Question What measures are in place to protect hard drives from Silent Data Corruption (SDC)?

Feb 12, 2022
13
1
25
I've read some articles about Silent Data Corruption across SATA channels.
Apparently there are some mechanisms in SATA HDDs to prevent (or at least reduce) the rate of SDC.
What is this mechanism, and can I rely on it?
Do I need to worry about SDC in a 100TB storage array for instance?

My intention is to build such an array and write to it only once, although I expect circumstances will arise where I'll need to do additional writing (so to be safe, I'd like to plan for 500TB of writing and then read from then on).

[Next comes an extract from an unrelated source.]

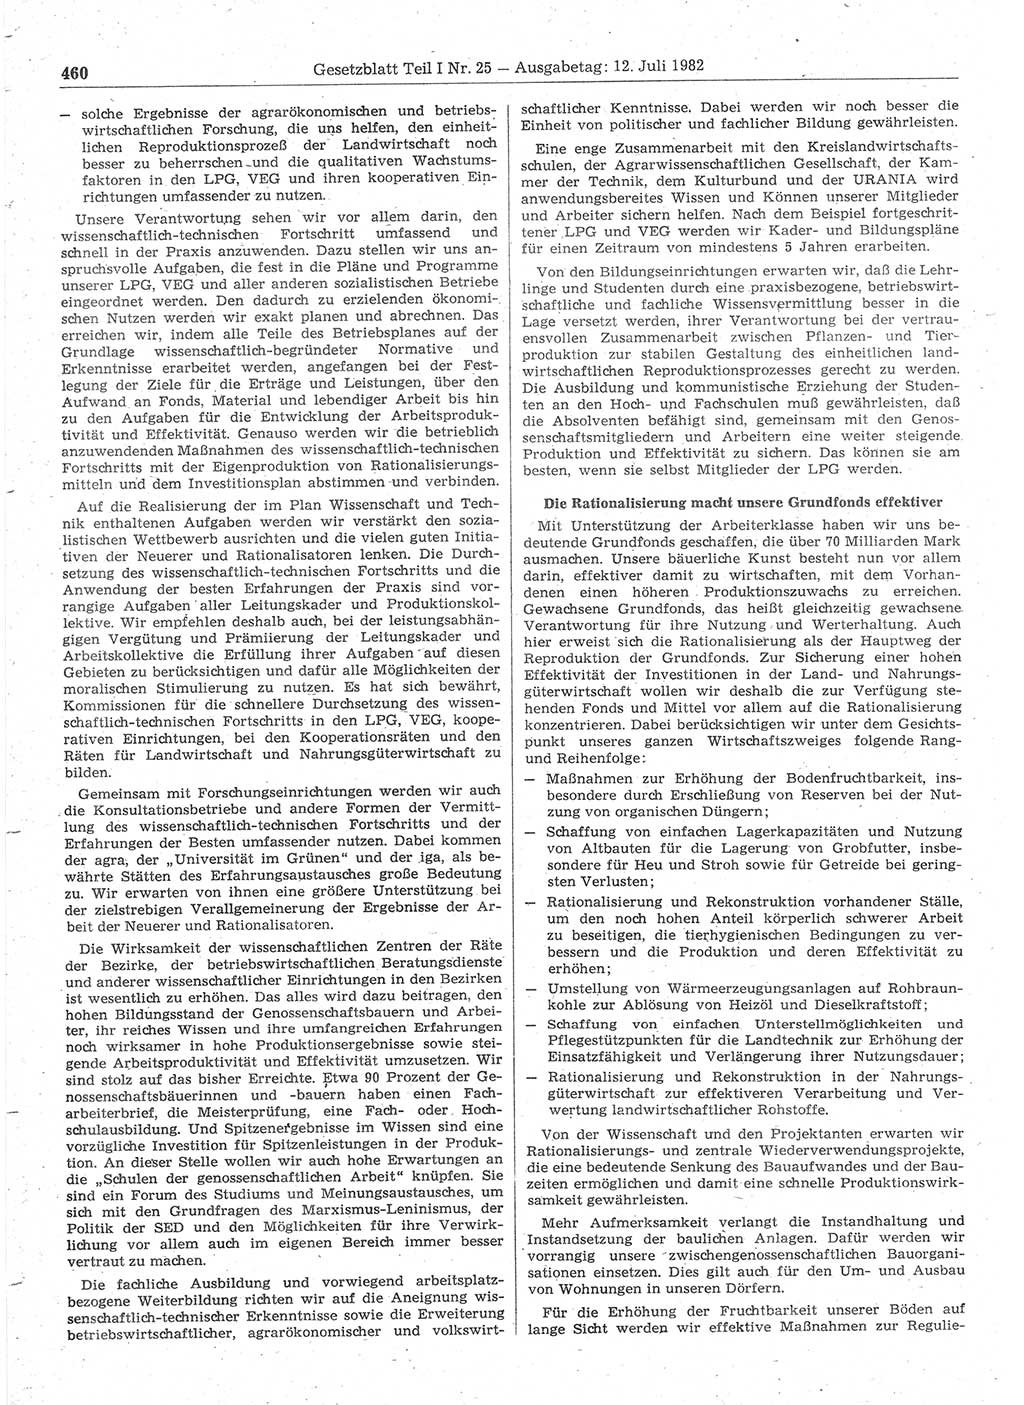 Gesetzblatt (GBl.) der Deutschen Demokratischen Republik (DDR) Teil Ⅰ 1982, Seite 460 (GBl. DDR Ⅰ 1982, S. 460)

If SDC could be an issue for me, how would you suggest I overcome it?
 
Feb 12, 2022
13
1
25
It looks like there are specially-configured hard drives with 520-byte sectors (512 bytes of data, 8 bytes checksum) which can test/correct for SDC, but these are quite expensive.

In terms of whether SDC over SATA is something I need to worry about in a 100TB storage array, here is a table showing the frequency of such errors:

sas-vs-sata_6019ca1b2d5fc.jpeg


Across the SATA channel, the typical error rate is 10E17, or 1 error per 11PB (max) of information transferred.
At a consistent transfer rate of 0.5GB/s, it's possible to transfer 15.7PB of data per year which would result in at least 1.4 errors.
Given that I aim to write only about 500TB of new data over the lifetime of the drives (4.5% the error rate), it doesn't seem worthwhile protecting against it.
Especially since ZFS can't protect against SDC when initially writing to the drives (see here).
Therefore it's far more likely that an SDC would occur during reading of files, which isn't a major issue since the data will not be affected.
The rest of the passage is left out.